On this battlefield anyone who advocates firearms regulation finds himself immediately on the defensive, forced into arcane debate over the exact meaning of the Second Amendment, and branded an enemy of The People.

An important effect of the NRA’s propaganda was to arm even the least articulate of gun owners with a snappy response that allows them to readily deflect unfriendly challenges from the unpersuaded and at the same time to avoid having to think about what kinds of firearms regulations might indeed ease the national crisis. (To the NRA, of course, guns are not the crisis. People are. More jails and swifter prosecution will solve the problem of gun violence.) In this intellectual desert, the mere act of possessing or manufacturing a gun, even a Cobray M-11/9, becomes a noble and patriotic undertaking.

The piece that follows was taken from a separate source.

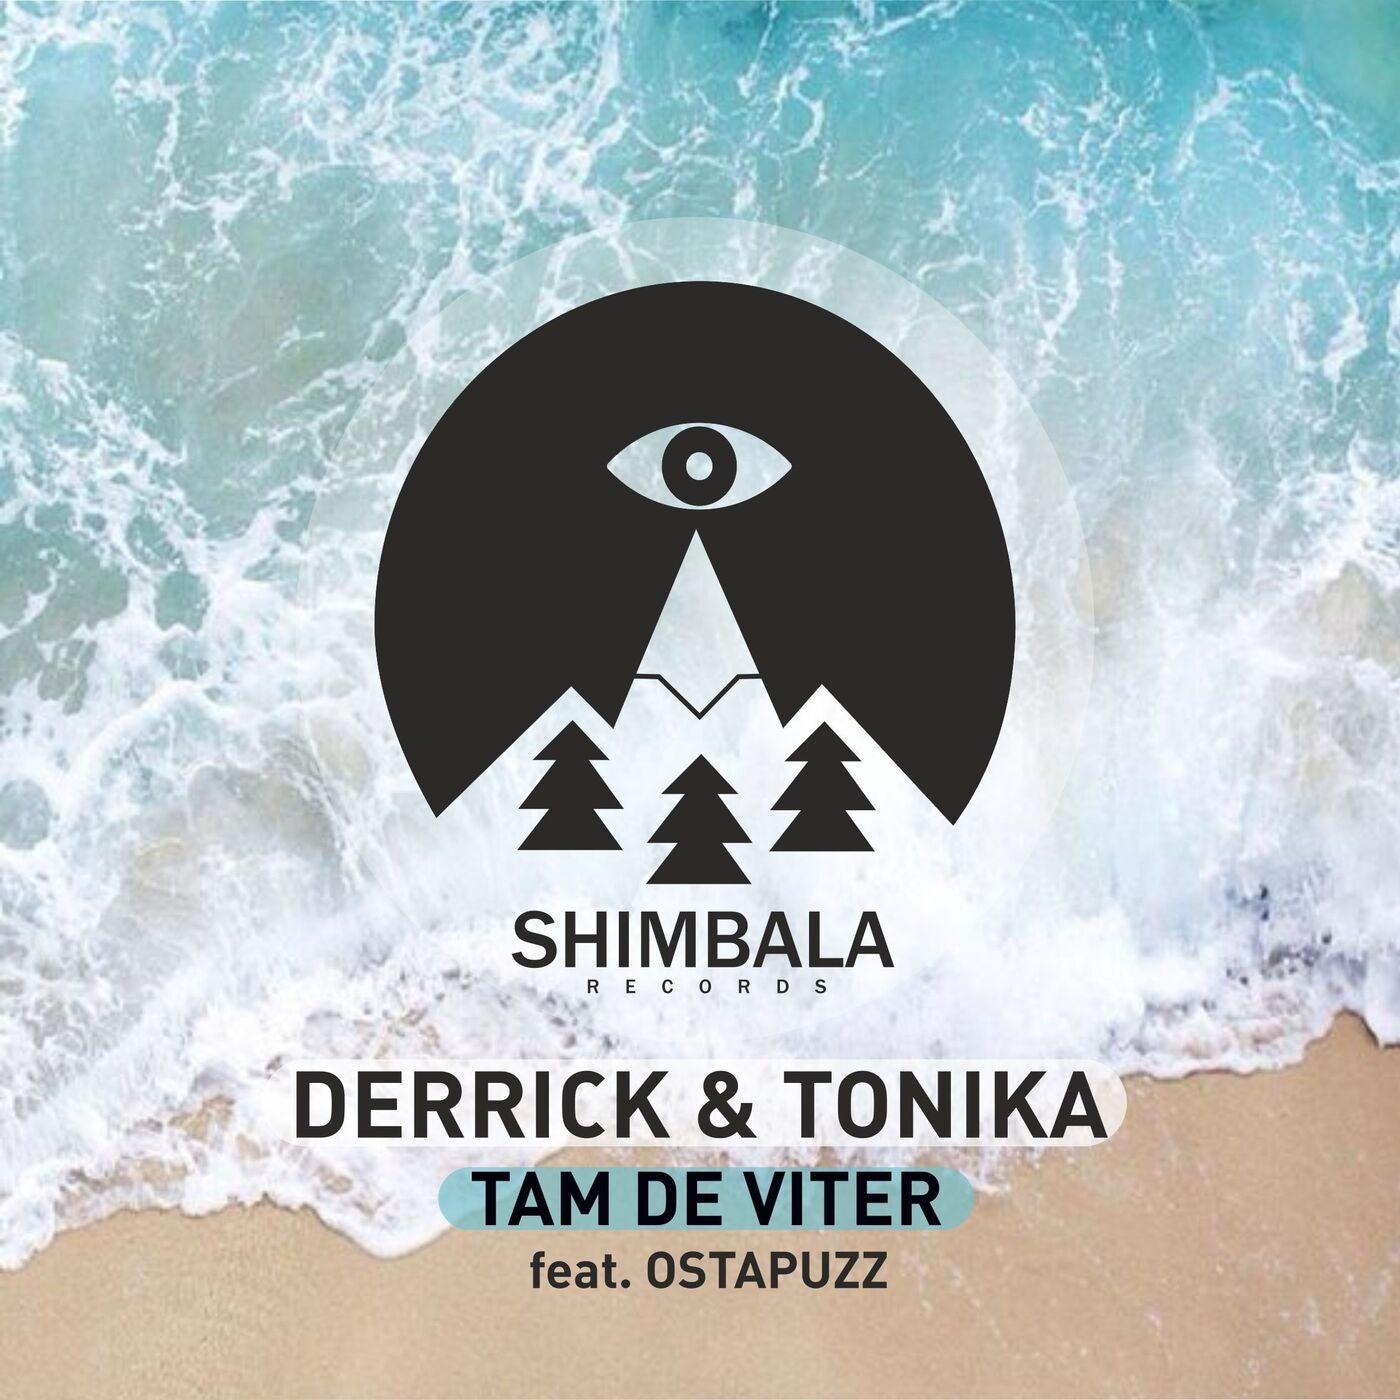 Download Derrick & Tonika - Tam De Viter (SHIM013DD) mp3
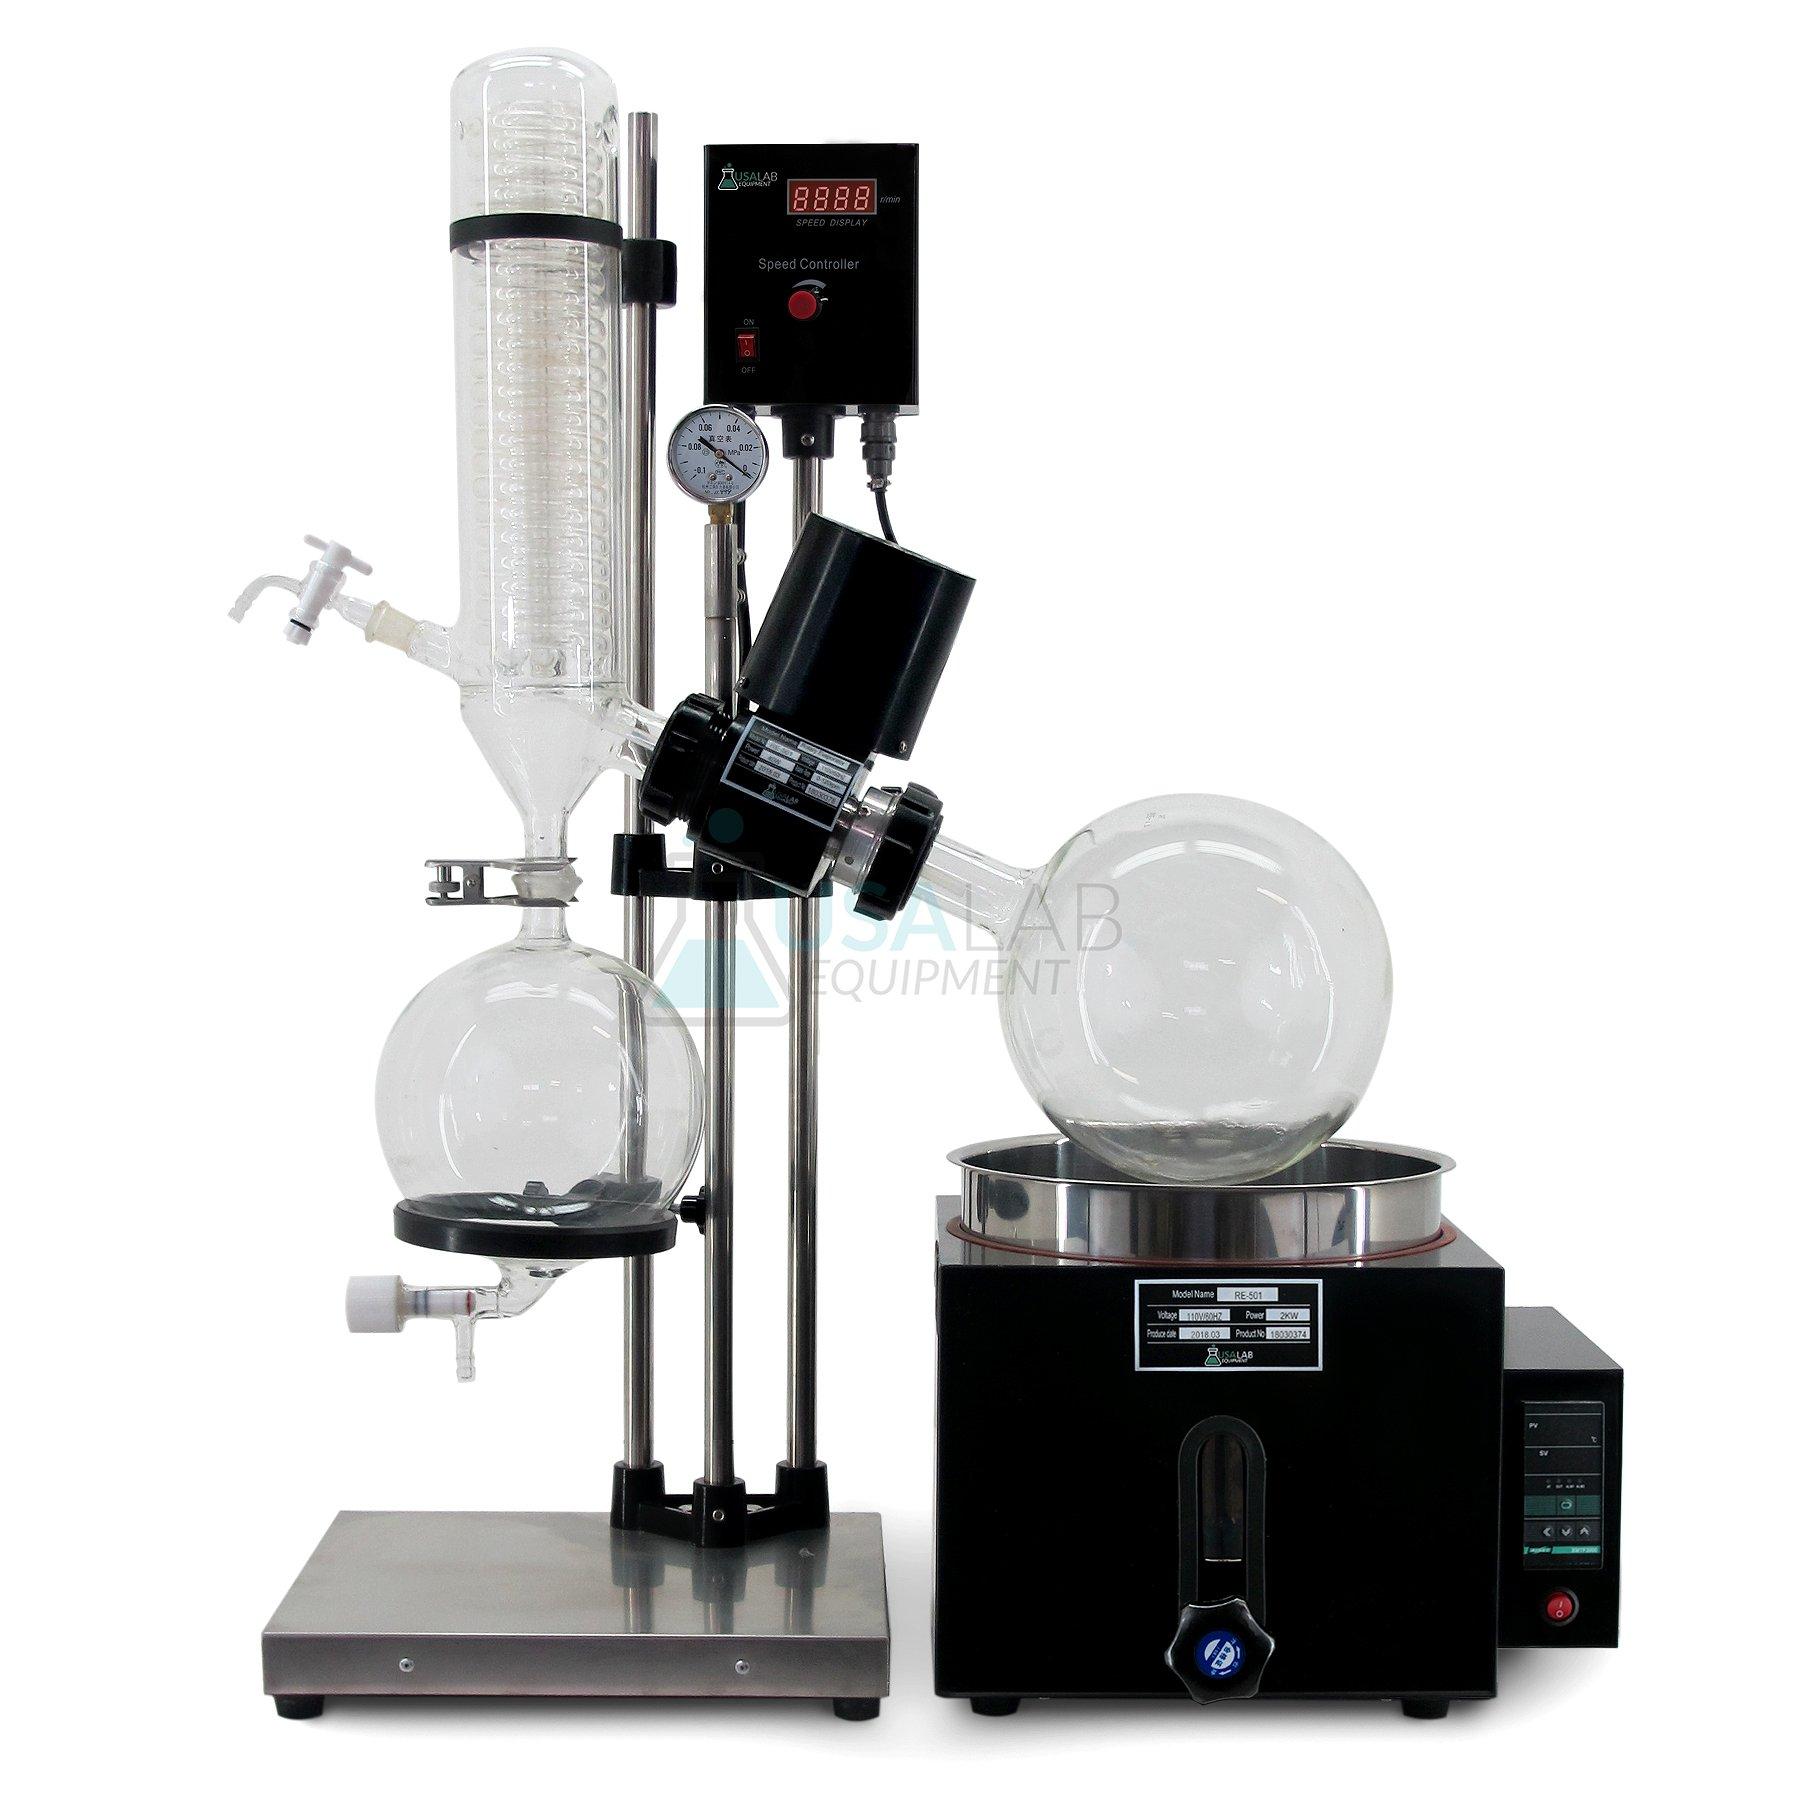 USA Lab 110V 5L Rotary Evaporator RotoVap RE-501-180°C by USA Lab Equipment

The NRA was not always the paranoid, Constitution-thumping entity it is today. Nor is its current radicalism shared by the great mass of its members, many of whom simply join to take advantage of the organization’s broad array of grass-roots services or merely to get the NRA hat (mine is black with the NRA eagle insignia stitched in gold thread). The NRA is not the monolithic, omnipotent force of popular imagination. It is two organizations, and only by understanding this can one come to understand the fervor with which the association opposes even the simplest efforts at impeding the flow of guns from the good guys to the bad.

The NRA was founded in New York in 1871 by William Conant Church, a former New York Times war correspondent and soldier, and Gen. George Wingate, with the rather modest goal of sharpening the marksmanship skills of the New York National Guard and Guard units in other states by promoting a system of rifle practice and establishing rifle ranges. It remained a small, struggling organization until 1905, when federal legislation allowed the United States to sell surplus military weapons at cost to rifle clubs and made the NRA responsible for determining which clubs were qualified to acquire the guns. A 1911 amendment allowed the government to donate the guns to such clubs free of charge. Needless to say, NRA membership began to rise.

The association began attempting to influence legislation in 1934, in response to the increased clamor for firearms regulation that resulted in the National Firearms Act, which banned the sale of unregistered machine guns and sawed-off shotguns. The act was the NRA’s first defeat, but also its first victory. As originally proposed, the act would have regulated the sale of pistols and handguns as well. But the NRA objected and, in its first demonstration of how a relative few ardent loyalists can shape a nation’s laws, launched a lobbying and letter-writing campaign that convinced Congress to limit the retrictions to “gangster” weapons.

By 1946, the association had all of 155,000 members. In 1956, the NRA amended its New York State charter to include a set of objectives broader than those it had outlined in 1871. Now it sought “to promote social welfare and public safety, law and order, and the national defense; to educate and train citizens of good repute in the safe and efficient handling of small arms,” and, broadly, “to encourage the lawful ownership and use of small arms by citizens of good repute.”

The NRA was still largely a sportsman’s organization, promoting target shooting, hunting, and hunter’s rights. It might have kept to this moderate course if not for the assassination of John F. Kennedy in 1963, which prompted a horrified and heartbroken nation to call for gun control. The NRA, now galvanized by a threat to its members’ favorite pastimes, began attacking controls and pressuring legislators to oppose them, while sidestepping the fact that Lee Harvey Oswald acquired his rifle by mail through an advertisement in the American Rifleman . Nonetheless, Congress passed the Gun Control Act of 1968.